In conclusion, the new patent reforms that took effect on November 29, 2000 provide for automatic publication of U.S. non-provisional utility patent applications 18 months after the earliest date from which they claim priority. Applicants can request non-publication if they are not planning to file a patent application describing the same invention in a foreign country that has an 18 month publication requirement. Applicants may also request publication of a redacted copy of a U.S. patent application if the parallel, published foreign application is narrower in scope than the U.S. application. The published application has as an effective reference date for use against other patentees as of its earlier priority filing date. Applicants can also elect to have their applications that were pending prior to November 29, 2000 published in order to give them a prior art effect as of their filing date against other patentees.

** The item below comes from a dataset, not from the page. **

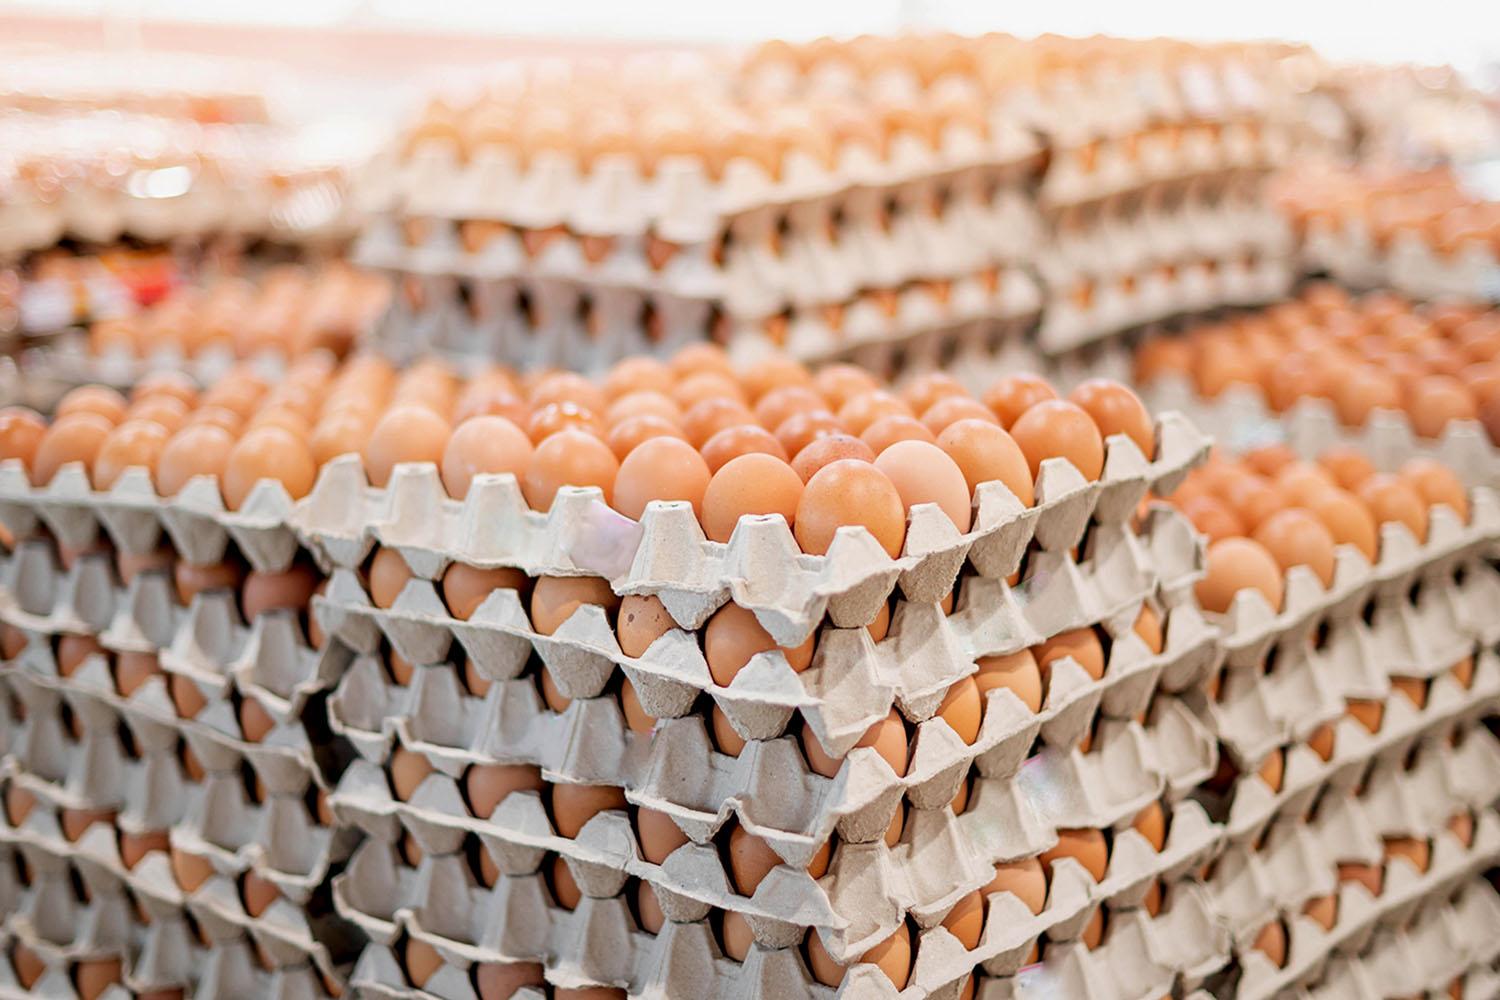 chicken-eggs-increase-price-6-baht-per-pack-today-SPACEBAR-Hero.jpg

While the new law does not require publication of all U.S. patent applications, the new law does encourage U.S. applicants to publish their applications by providing them with the above priority reference rights and rights to collect a reasonable royalty for the post-publication patent pending period. The new law also provides third party competitors an opportunity to follow and affect the continuing examination of a pending published patent application. Taken together, these new provisions do well to maintain the balance between the interests of the smaller non-foreign filing patent applicants who desire intellectual property protection and their competitors who desire the ability to make adequate risk assessments with regard to development of their own technology.